Importer Valeo North America's lawsuit seeking to compel the Commerce Department to issue a scope ruling should not be dismissed because, though Commerce did eventually issue a scope ruling, the ruling was not lawful, the company argued in a Nov. 15 brief at the Court of International Trade. Though Commerce argued that the scope ruling means CIT no longer has jurisdiction over Valeo's case, the importer says that scope ruling was invalid because it did not follow the framework set by Commerce's scope regulations (Valeo North America, Inc. v. United States, CIT #21-00426).
The Commerce Department continued to find the all-others rate in an antidumping investigation by averaging a respondent's zero percent margin and the large China-wide adverse facts available rate, despite the most recent Court of International Trade opinion ruling against this position. Submitting its fourth remand results to CIT, Commerce said that it had to stick with this method for finding the all-others rate due to the scarcity and inadequacy of the alternatives (Linyi Chengen Import and Export Co., Ltd., et al. v. United States, CIT #18-00002).
The three-judge panel at the U.S. Court of International Trade presiding over the Section 301 litigation scheduled oral argument in the HMTX Industries-Jasco Products sample case for Feb. 1, 2022, at 10 a.m. in the court's Ceremonial Courtroom in New York, an order entered Nov. 12 in master case docket 21-cv-52 said. Chief Judge Mark Barnett had asked lawyers from both sides at a virtual status conference Nov.10 to email the court by Nov. 12 about schedule conflicts they had in January and February.
The Commerce Department denied a group of domestic solar panel manufacturers' bid to remain anonymous in their requests for anti-circumvention inquiries on solar cells from Malaysia, Vietnam and Thailand, denying the requests while noting that the manufacturers may revive the requests if they agree to make their identities public. In a letter sent Nov. 10, Commerce said anonymous treatment is "unwarranted" and that the company's names should be publicly disclosed if the anti-circumvention inquiries are to proceed.
The Court of International Trade "created a paradox" when ruling that CBP's seizure of alleged drug paraphernalia is not an admissibility determination, while at the same time finding that the seizure prevents a deemed exclusion of the merchandise, importer Root Sciences said in a Nov. 8 brief. Looking to get CIT to reconsider a previous ruling that found that the court didn't have jurisdiction over cases in which CBP seized goods, Root said CIT's ruling has caused it to be "cast into a jurisdictional wilderness" (Root Sciences, LLC v. United States, CIT #21-00123).
Trade Law Daily is providing readers with some recent top stories. All articles can be found by searching on the title or by clicking on the hyperlinked reference number.
Hyundai Steel Co. attempted to explain away an attack from antidumping petitioner U.S. Steel that it has a "troubling history" on a key issue in the AD review, in a Nov. 8 brief submitted to the Court of International Trade. Asserting that its prior positions are irrelevant to the issue at hand, Hyundai characterized U.S. Steel's attacks as "without merit," arguing instead that its "perceived deficiency" in certain data fields can be easily explained to Commerce (Hyundai Steel Co. v. United States, CIT Consol. # 19-00099).
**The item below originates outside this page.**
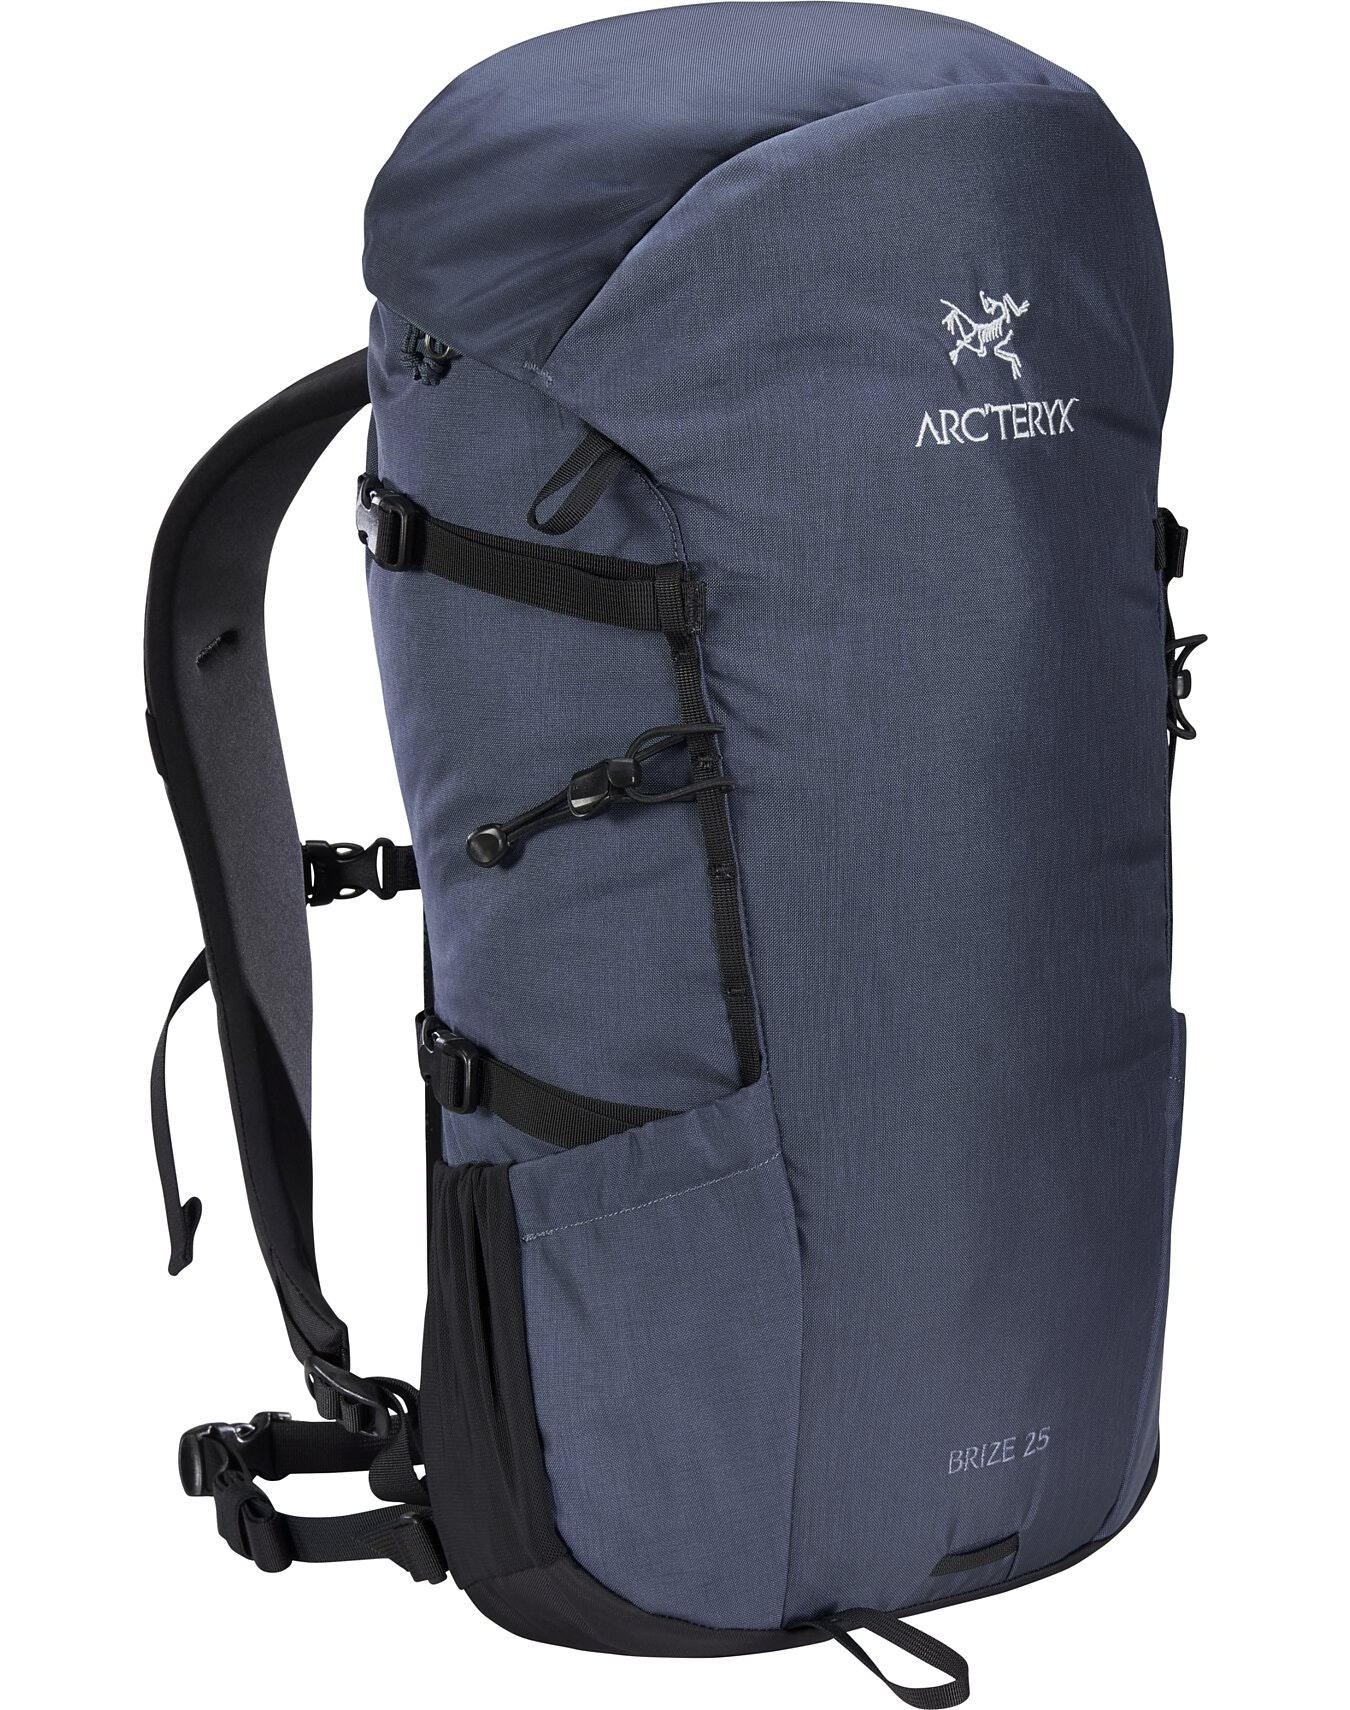 Brize 25 Backpack Dark Mirai

The Commerce Department did not abuse its discretion when it denied a group of domestic chloropicrin producers' bid to retroactively extend a filing deadline, the Court of International Trade said in a Nov. 8 opinion. Not buying the plaintiffs' excuses that the deadline was missed due to a combination of technical and medical issues, Judge Timothy Stanceu upheld Commerce's rejection of the extension requests following revocation of the relevant AD duty order because of the missed deadline.
CBP did not violate importer Diamond Tools Technology's due process rights when it found that the company evaded antidumping duties on diamond sawblades from China, the Court of International Trade said in an Oct. 29 opinion, made public Nov. 5. However, Judge Timothy Reif did remand the case to CBP, finding that the actual finding of evasion was not supported as there was no "material and false statement" made by DTT. The judge also upheld CBP's authority to find that DTT's entries that pre-dated the start date of a related anti-circumvention inquiry are "covered merchandise."
After two failed attempts to prove that subsidies provided by the government of Spain to olive growers are de jure specific, the Commerce Department now asserts that the subsidies are de facto specific, in remand results submitted to the Court of International Trade Nov. 3. While still disagreeing with the trade court's finding that the subsidies are not de jure specific to olive growers, Commerce nevertheless backed down and now argues for de facto specificity instead. Because the Spanish government purportedly failed to submit the information Commerce needed to hold de facto specificity on remand, the agency relied on facts otherwise available to derive the proposed countervailing duty rate.